Who would this be of interest to? I would never expect two workplaces to have exactly the same "runstitching time" (or anything else).
Also this is misstated, you would be testing if the two datasets are samples from distributions with the same average. Ie, the actual measured averages are not expected to be the same.
Whether or not that's true, it reminds me of the experiments done near Hawthorne, Illinois around the time of the Great Depression to improve worker productivity by changing their environment. The workers output improved almost regardless of environmental changes. The conclusion was workers output improved because someone was paying attention to them. Henry Landsberger analyzed the experiments in the 1950s and coined the term the Hawthorne Effect.
(Edit for grammar, spelling, and coffee)
How much did it improve? All this test tells you is that there was some difference, it could be minuscule.
I doubt this is really the goal of an experiment like this. The goal would actually be to figure out whether changing their procedures/whatever would make them more money in the future than it would cost to do the change.

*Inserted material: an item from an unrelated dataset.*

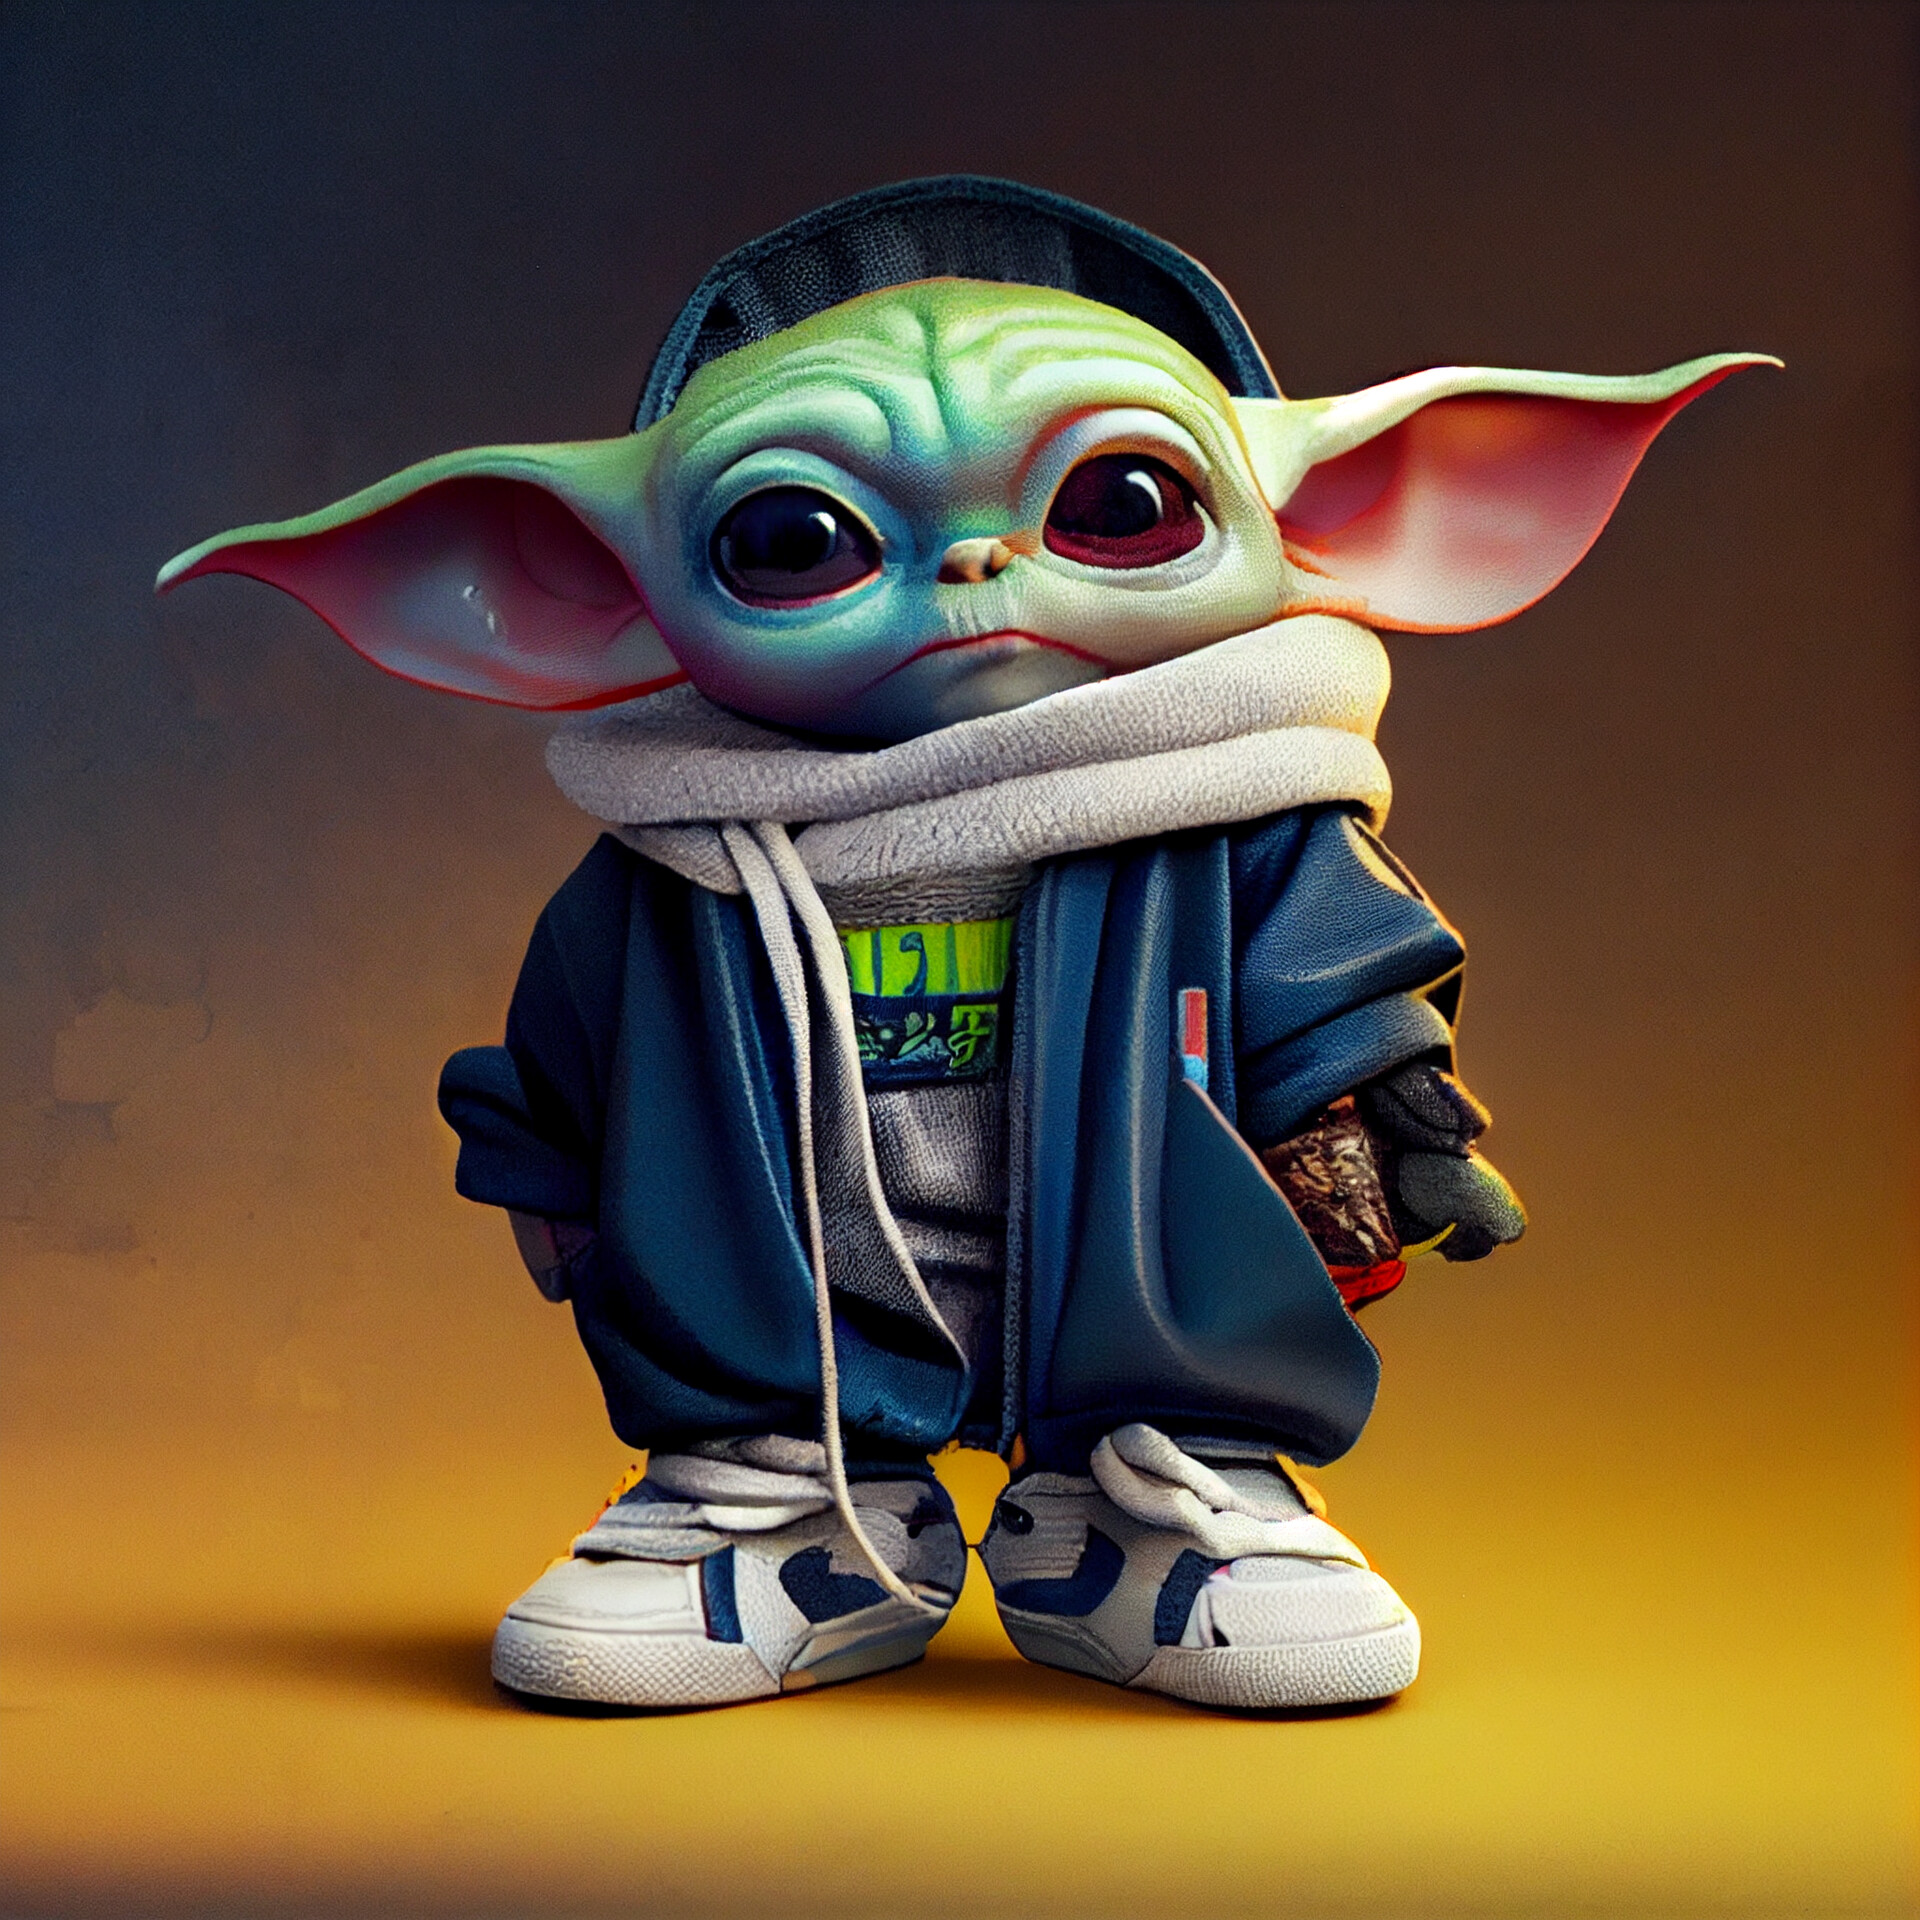 Cute and Adorable Baby Yoda Portrait

If we divide a workplace into two segments, there almost certainly will be some difference in worker productivity between the segments, having nothing to do with implementation of ergonomic practices and just having to do with the inherit variance of individual productivity contributing to the group.

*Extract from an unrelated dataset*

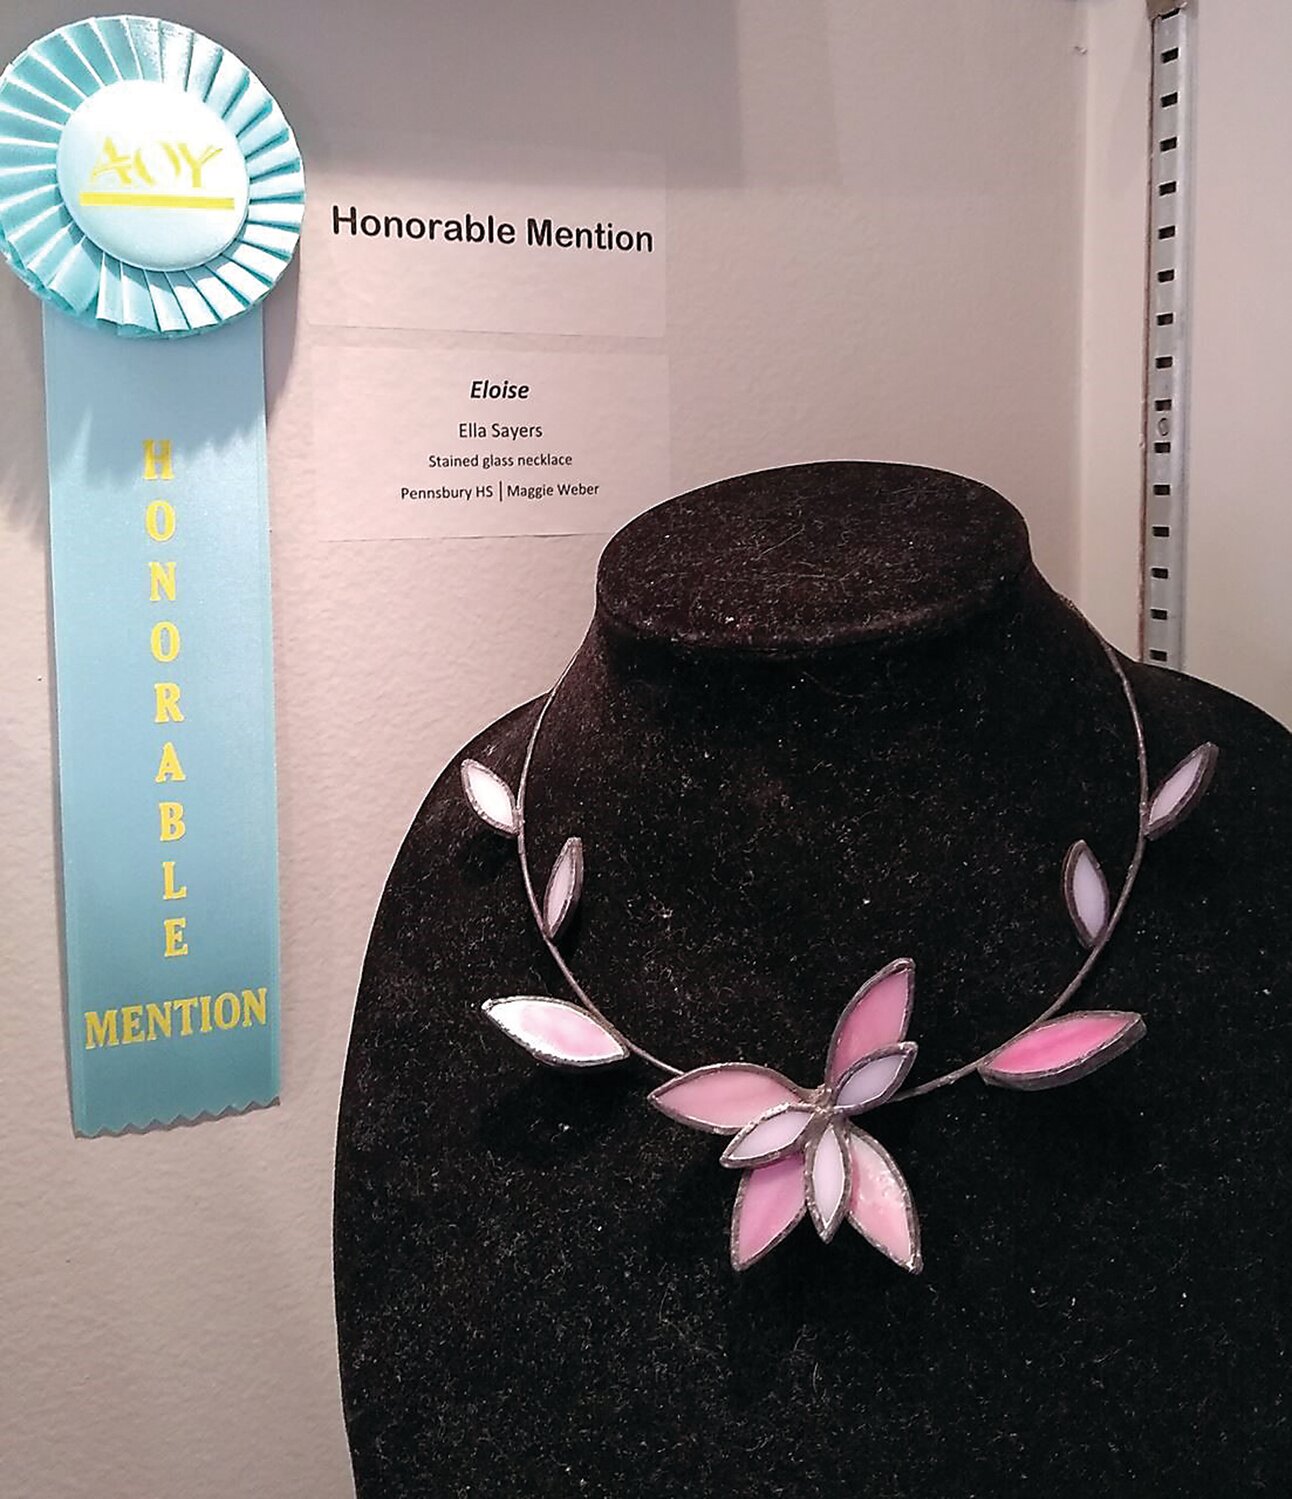 Honorable Mention “Eloise” by Ella Sayers of Pennsbury High School is a necklace in stained glass.

If the difference is productivity is large enough, you start thinking the ergonomic practices might have something to do with it. Statistics makes these principles more precise through concepts like statistical power, significance, and confidence intervals. Proper analysis of such an experiment would allow a company to compare the cost of the ergonomic processes with the benefit of the increased productivity attributable to those processes. This in turn would indeed allow them to make more money!